Effects of chemically characterized fractions from aerial parts of Echinacea purpurea and E. angustifolia on myelopoiesis in rats

Abstract

Echinacea species are used for beneficial effects on immune function, and various prevalent phytochemicals have immunomodulatory effects. Using a commercial E. purpurea (L.) Moench product, we have evaluated the myelopoietic effect on bone marrow of rats treated with various extracts and correlated this with their chemical class composition. Granulocyte/macrophage-colony forming cells (GM-CFCs) from femurs of female Sprague-Dawley rats were assessed at 24 h after 7 daily oral treatments.
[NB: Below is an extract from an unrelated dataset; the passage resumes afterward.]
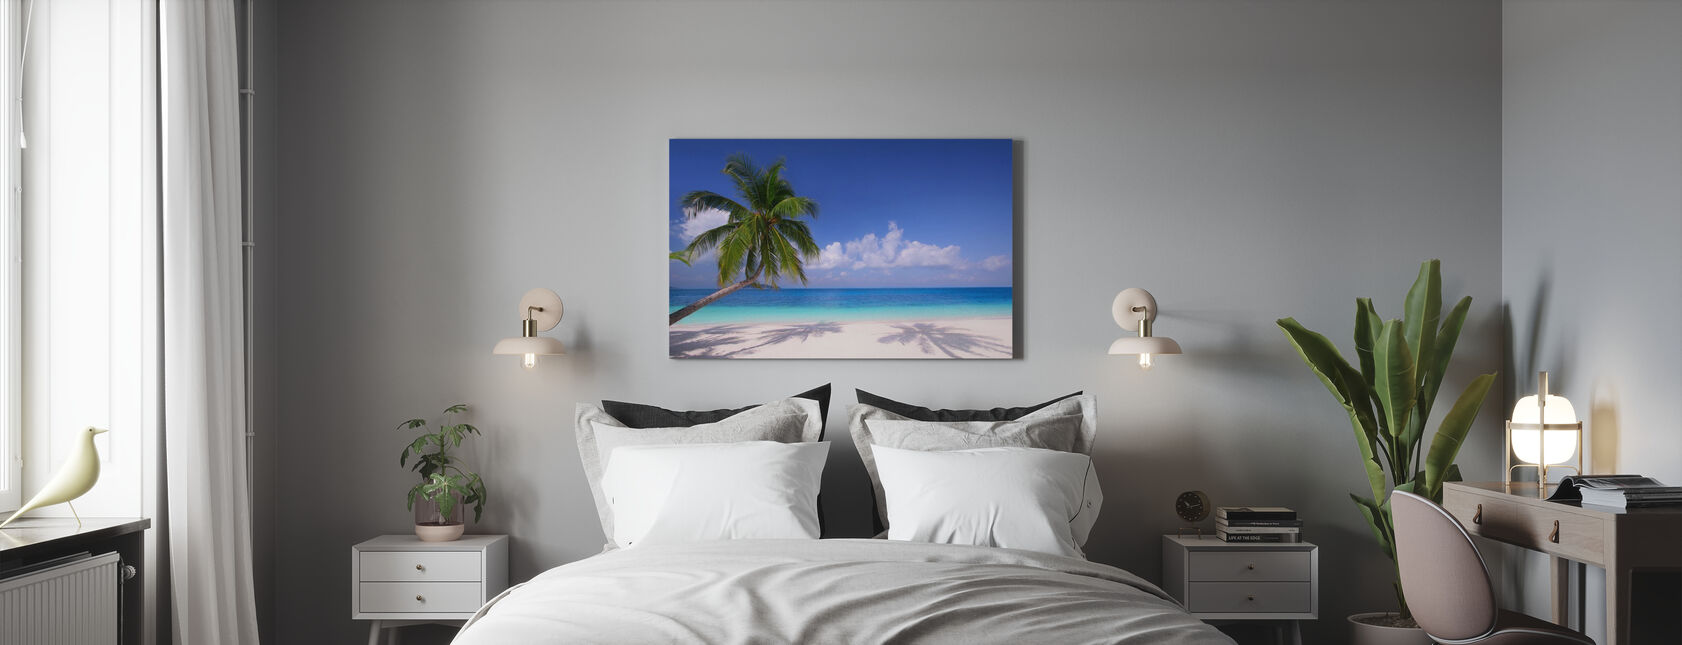 Island Paradise - Canvas print - Bedroom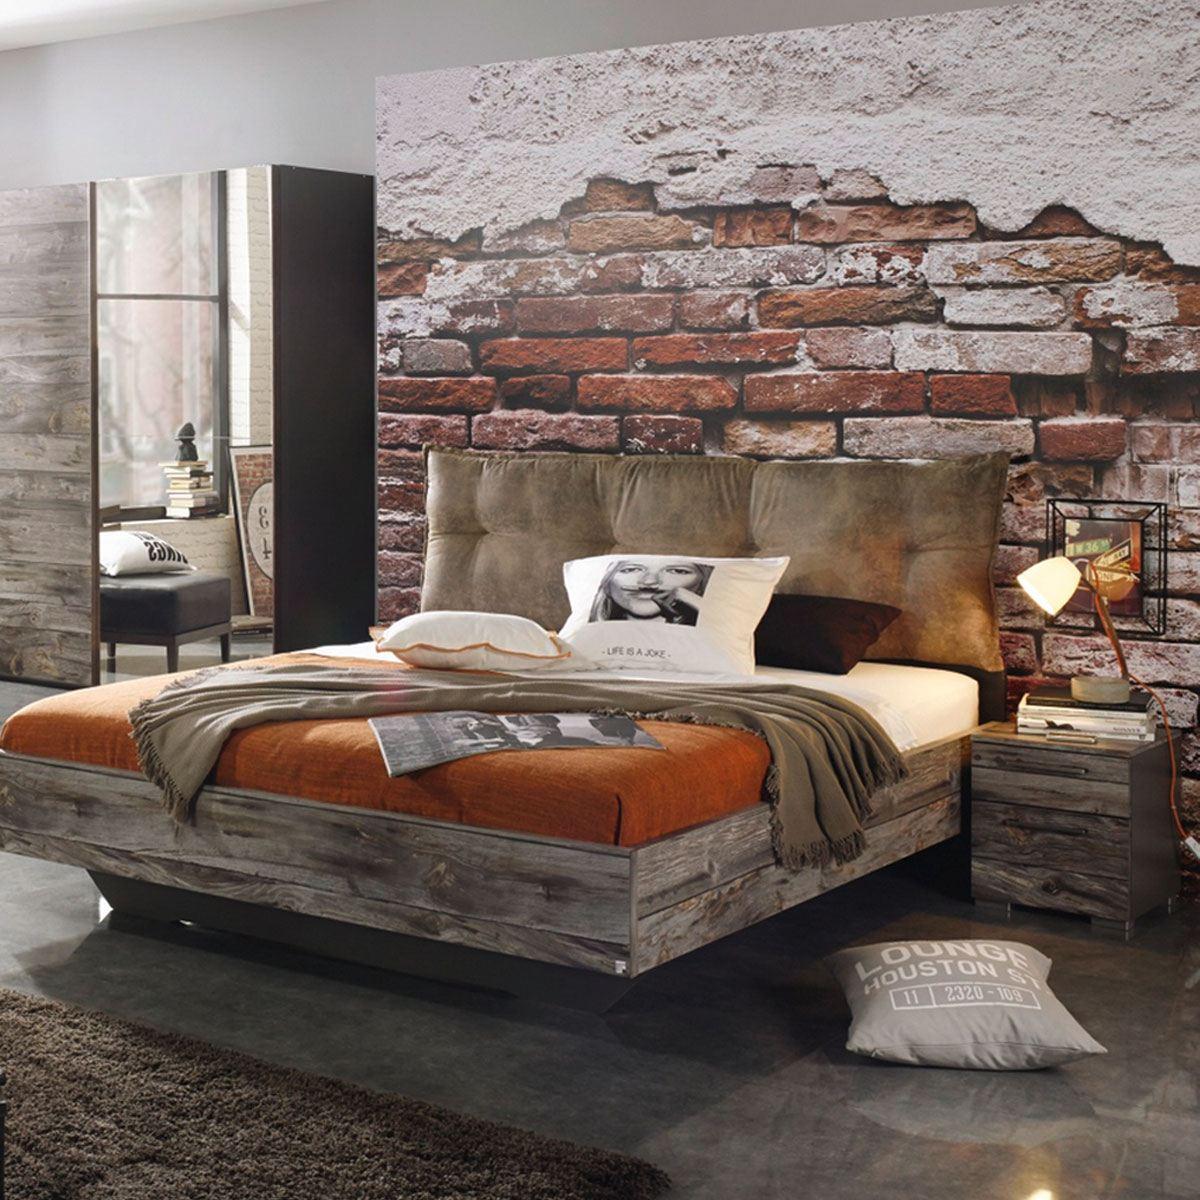 Rauch Select Timberstyle Bett mit Polster-Kissen Farbasführung Sunwood /  graphit mit Absetzung Antik Liegefläche wählbar optional mit Nachttisch ...

A 75% ethanolic extract at 50 mg dried weight (derived from 227 mg aerial parts) per kg body weight increased GM-CFCs by 70% but at 100 mg/kg was without effect. Ethanolic extracts from aerial parts of E. angustifolia DC. var. angustifolia and E. purpurea from the USDA North Central Regional Plant Introduction Station increased GM-CFCs by 3- and 2-fold, respectively, at 200 mg/kg (~1400 mg/kg plant material). Extract from another USDA E. angustifolia was inactive. Proton and APT NMR, MS, and TLC indicated alkylamides and caffeic-acid derivatives (CADs) present in ethanolic extracts of both the commercial and USDA-derived material. Cichoric and caftaric acids were prominent in both E. purpurea ethanolic extracts but absent in E. angustifolia. Aqueous extract of the commercial material exhibited polysaccharide and CAD signatures and was without effect on GM-CFCs. A methanol-CHCl3 fraction of commercial source, also inactive, was almost exclusively 1:4 nonanoic: decanoic acids, which were also abundant in commercial ethanolic extract but absent from USDA material. In conclusion, we have demonstrated an ethanolextractable myelostimulatory activity in Echinacea aerial parts that, when obtained from commercial herbal supplements, may be antagonized by medium-chain fatty acids presumably derived from a non-plant additive.

Fig. 1

APT spectrum of 75% ethanolic extract of aerial parts of a commercial E. purpurea in DMSO-d₆ at 100 MHz. The region circled in the top spectra is expanded below. The region within the square corresponds to amide carbon. DMSO signal is evident at 39.5 ppm.

Fig. 2

¹H NMR spectra (400 MHz, in DMSO-d₆) of 75% ethanol extracts of aerial parts of a commercial E. purpurea (A), two accessions of E. angustifolia (B and D) and one accession of E. purpurea (C) obtained from the USDA North Central Regional Plant Introduction Station. DMSO signals are evident at 2.50 ppm. Insert in C shows expanded δ = 6.0– 7.30 ppm region to illustrate spin-spin coupling.

Fig. 3

APT spectra of 75% ethanolic extracts (100 Hz in DMSO-d₆) of aerial parts of one accession of E. purpurea (A) and two accessions of E. angustifolia (B and C) obtained from the USDA North Central Regional Plant Introduction Station. DMSO signals are evident at 39.5 ppm.

Fig. 4

HPTLC of 75% ethanolic extracts developed with a polar mobile phase. Extracts from USDA E. angustifolia accessions PI 649029 and PI 649026, E. purpurea PI 649040, and 2 lots of commercial E. purpurea were chromatographed. Standards are cichoric acid, caftaric acid, and echinaco-side. Chromatograms were developed with EtOAc-acetone-formic acid-water (15:9:1:1). Origin and mobile phase front are indicated by an arrow and arrowhead, respectively. Diphenylborinic acid aminoethylester spray reagent and UV light, λ₃₆₆ nm, were used for visualization.

Fig. 5

HPTLC of 75 % ethanolic extracts developed with an apolar mobile phase. Extracts of E. angustifolia 649029 and 649026, E. purpurea 649040 (lanes 1,2, and 3, resp.), and 2 lots of commercial E. purpurea were chromatographed (lanes 4, 5). MeOH-CH₃Cl wash is in lane 6. Chromatograms were developed with toluene-EtOAc-cyclohexane-formic acid (24:6:3:0.9). β-sitosterol (band E, R_f 0.52) and C₉-C₁₀ fatty acids (band H) are indicated by arrows and arrowheads, respectively. p-Anisaldehyde-sulfuric acid was used for visualization.

Fig. 6

Effects of 75% ethanolic extract of commercial E. purpurea and cultivars of E. angustifolia 649029 and 649026 and E. purpurea 649040 on femur GM-CFCs (A) and total bone marrow cells (B) of rats treated with 50, 100, and 200 mg/kg/d. Rats received 7 daily doses of extract, and bone marrow cells were processed 24 h after the last dose. Means ± SEM for n = 4 rats are shown. Means that differed from vehicle control (0 mg/kg) by a statistically significant amount are indicated by * p < 0.05 and ** p < 0.01.